The sustainability factor, key to securing the future of Spain’s pension system
December 26, 2013 saw the publication of Law 23/2013 regulating the “Sustainability Factor, previously introduced by Law 27/2011 of August 1, 2011 on Updating, Adapting and Modernizing the Social Security.
A new measure has been set in place under this “instrument” in a bid to strike an automatic balance and align pensions with trends in life expectancy.

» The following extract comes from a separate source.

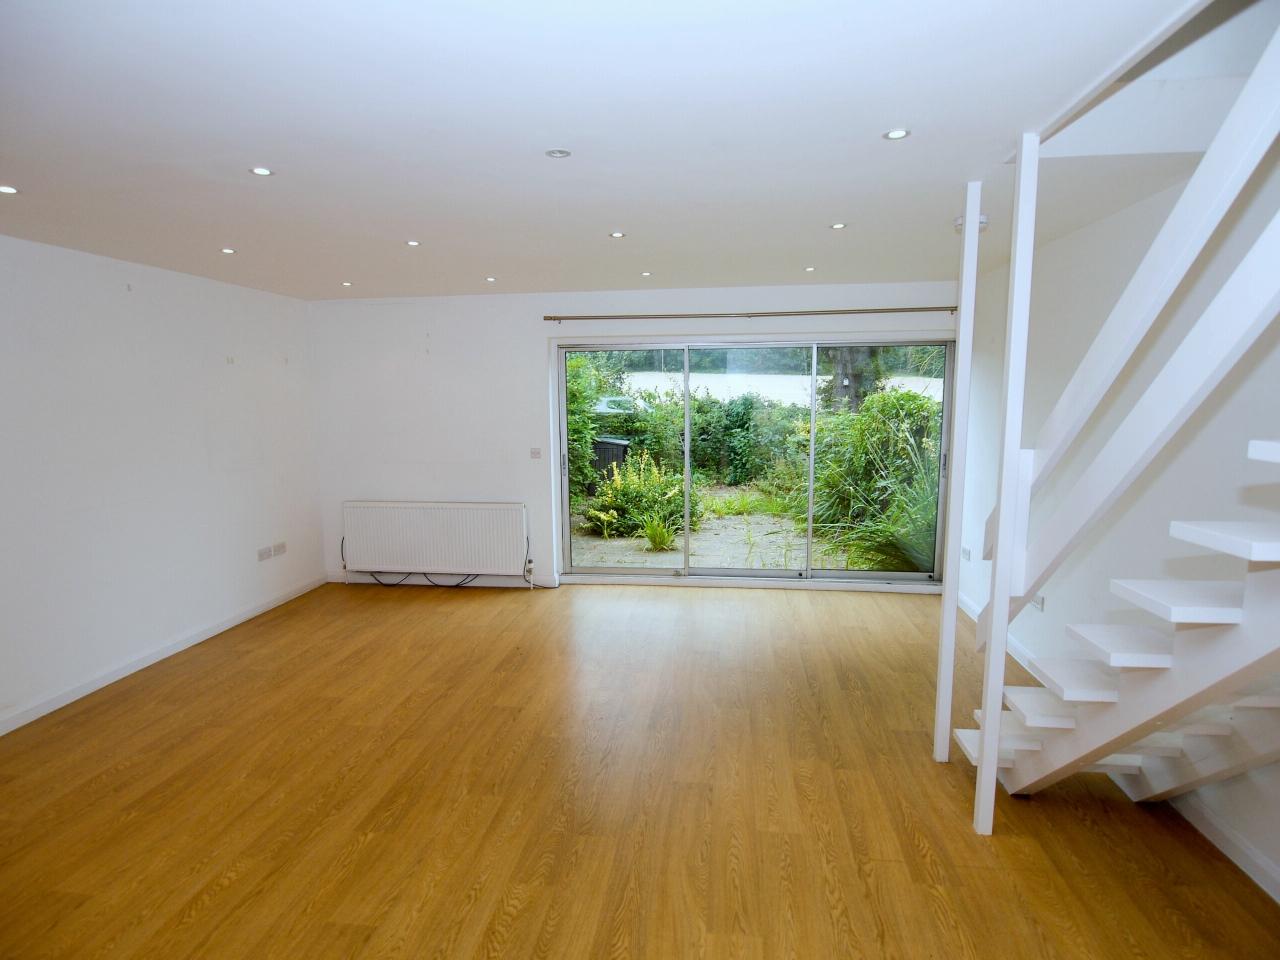 3 bedroom mid terraced house Sold in Sevenoaks - Photograph 2
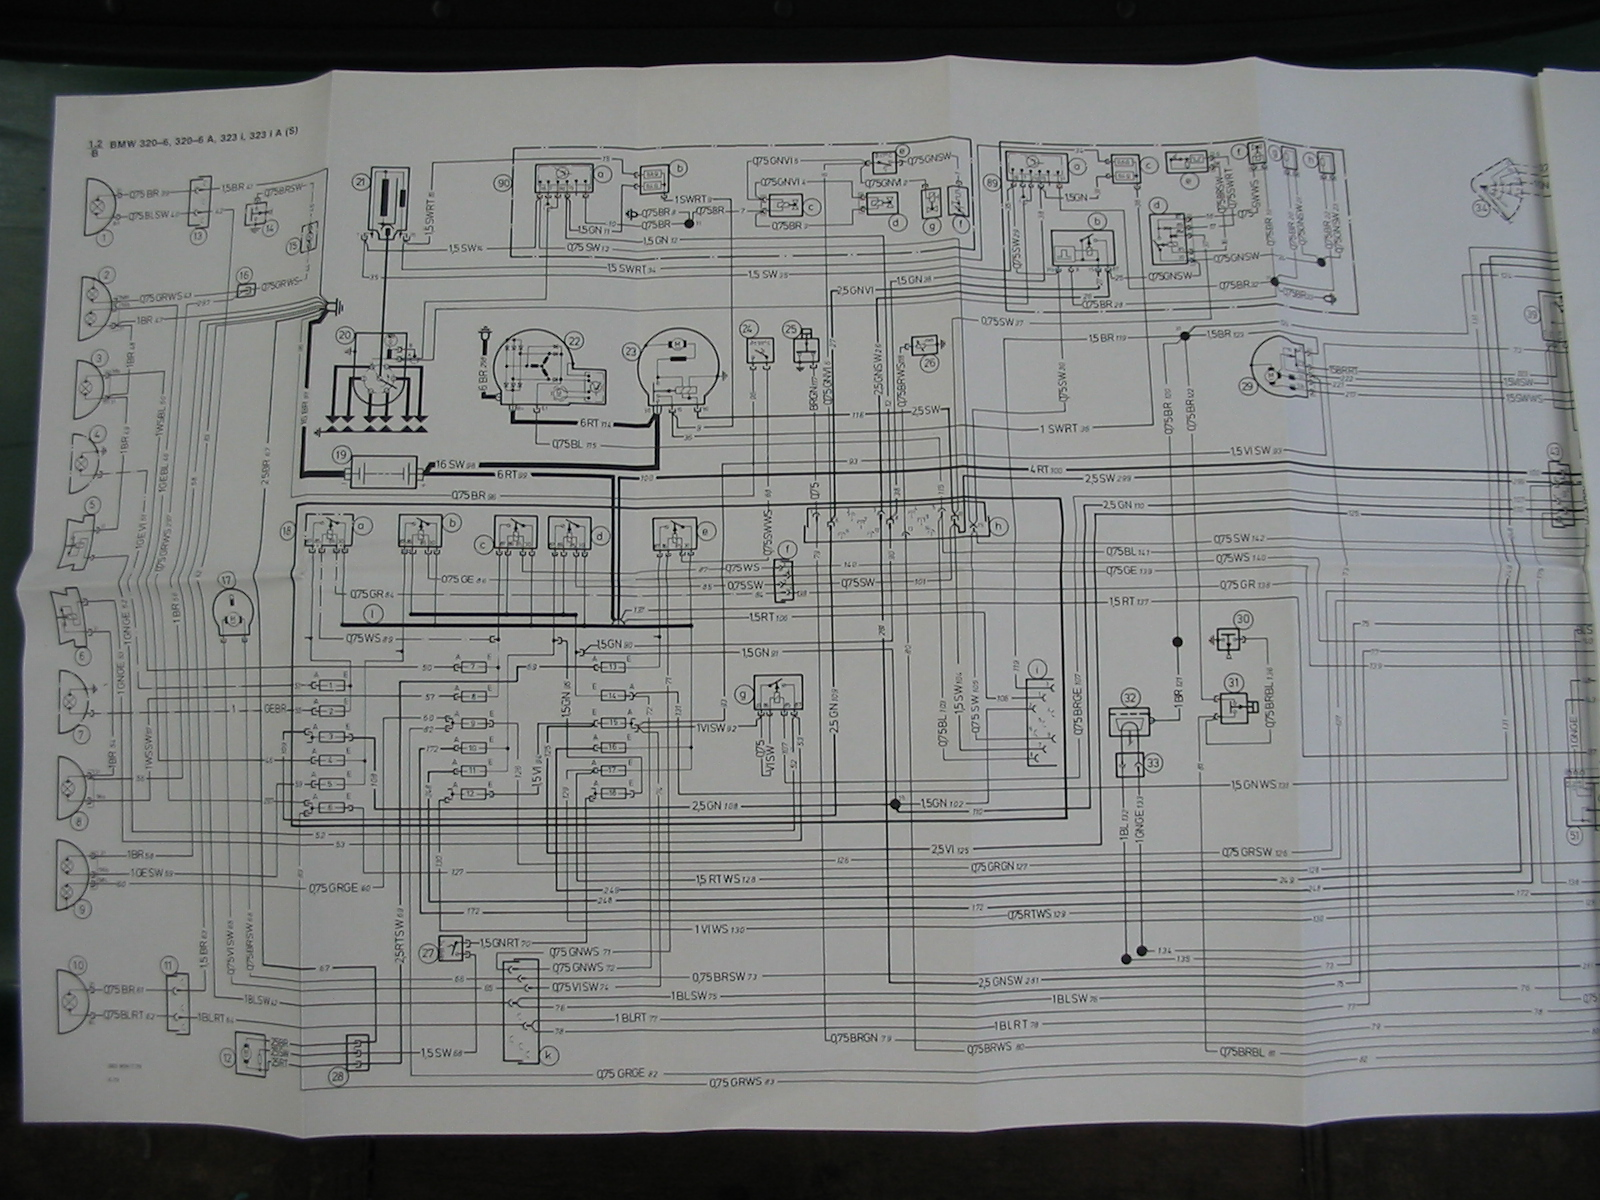 foren system von bmw 3er club e21 e30 e v und bmw baur. Black Bedroom Furniture Sets. Home Design Ideas

It is an open secret that the Spanish pension system is currently facing major challenges. The financial crisis has played havoc with the social security system, bringing both a high jobless rate and a drop in salaries in its wake. The biggest risk facing the system, however, is the country’s ageing population. Current trends in Europe in general and Spain in particular have escaped no one’s notice. The gradual rise in life expectancy and the plummeting birth rate pose major challenges to pension systems such as the one in Spain, based on redistribution and with a markedly social character. The demographic trends have a direct bearing on the dependency ratio, i.e., the number of those receiving pensions per person in employment and calls for the adoption of measures to ensure medium and long-term sustainability.
With this in mind, by implementing the Sustainability Factor, as defined in the above law, the goal is to automatically link the amount of retirement pensions under the social security system to changes in pensioners’ life expectancy, thereby adjusting, by applying a particular formula, the amounts received by those who retire on similar conditions at different moments in time.
The Sustainability Factor thus emerges as a key element of Spain’s pensions system and should help ensure decent pensions and the long-term sustainability of the model.